I ran this code to get the breakdown of ethnicities in my sample:
dataset %>%
group_by(ethnicity) %>%
summarise(percent = 100 * n()/nrow(datset))
However, because subjects were able to select multiple ethnicity categories on their questionnaire, the results came out like this:
1 "[\"Aboriginal or Torres Strait Islander\",\"Caucasian\",\"Asian (inc. Indian subcontinent)\"]" 0.364
2 "[\"Aboriginal or Torres Strait Islander\",\"Caucasian\"]" 0.0910
3 "[\"Aboriginal or Torres Strait Islander\"]" 0.910
4 "[\"African\"]" 0.637
5 "[\"Asian (inc.
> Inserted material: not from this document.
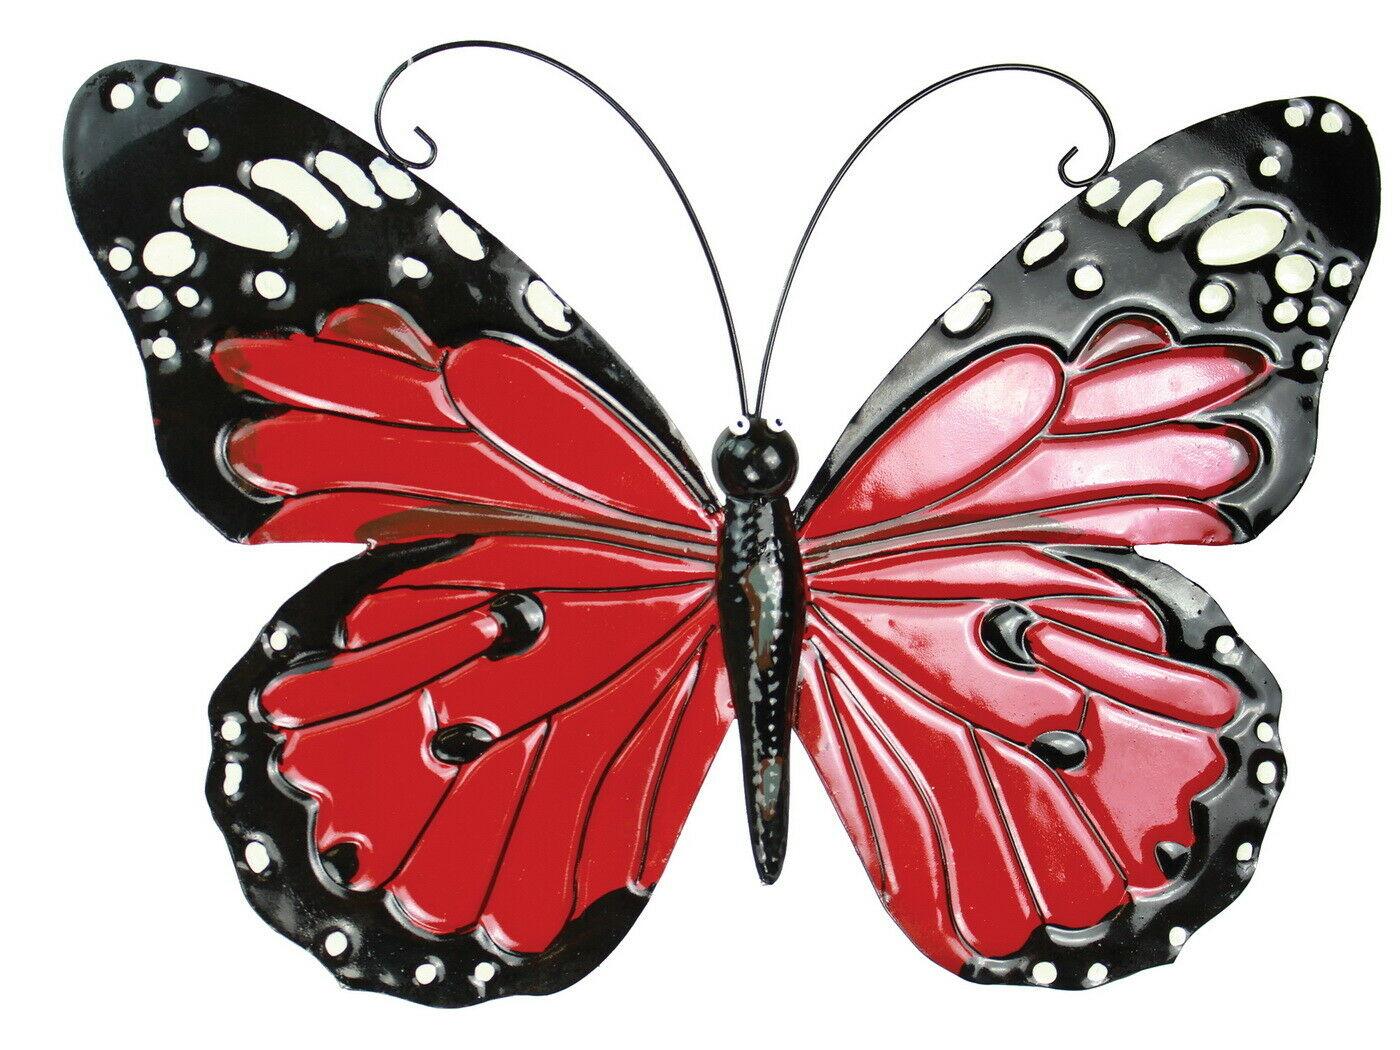 Schmetterling Metall Wandbild Wanddeko Deko Wand Hanger Tier Figur Skulptur Bild Kaufen Bei Gerhard Rapp Gmbh
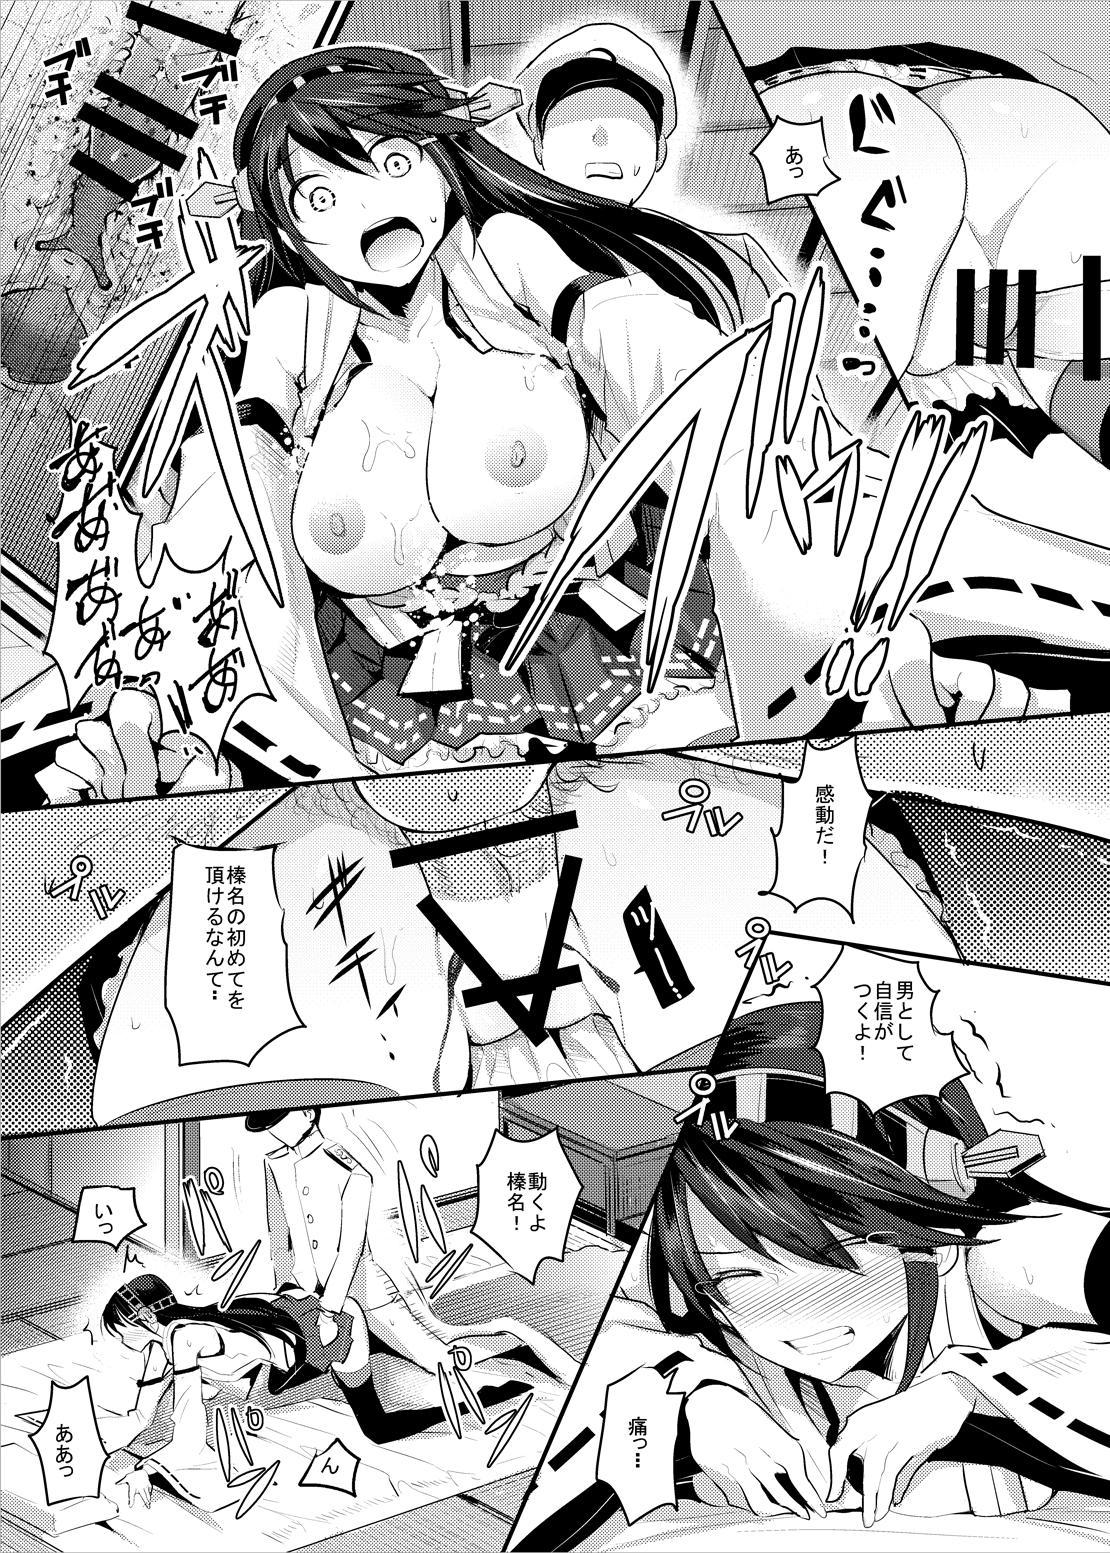 Haruna ni Dogeza de Onegai Shitara Yarasete Kuremashita 11

Indian subcontinent)\"]" 0.0910
9 "[\"Caucasian\",\"Latino/Hispanic\"]" 0.182
10 "[\"Caucasian\",\"Middle Eastern\"]" 0.273
11 "[\"Caucasian\",\"Not listed\"]" 0.182
etc.
What would be the best/most efficient way to get a breakdown of the individual (non-combined) categories?
I basically just want a percentage breakdown of:
Caucausian -
African -
Latino/Hispanic -
Aboriginal or Torres Strait Islander -
Middle Eastern -
Etc.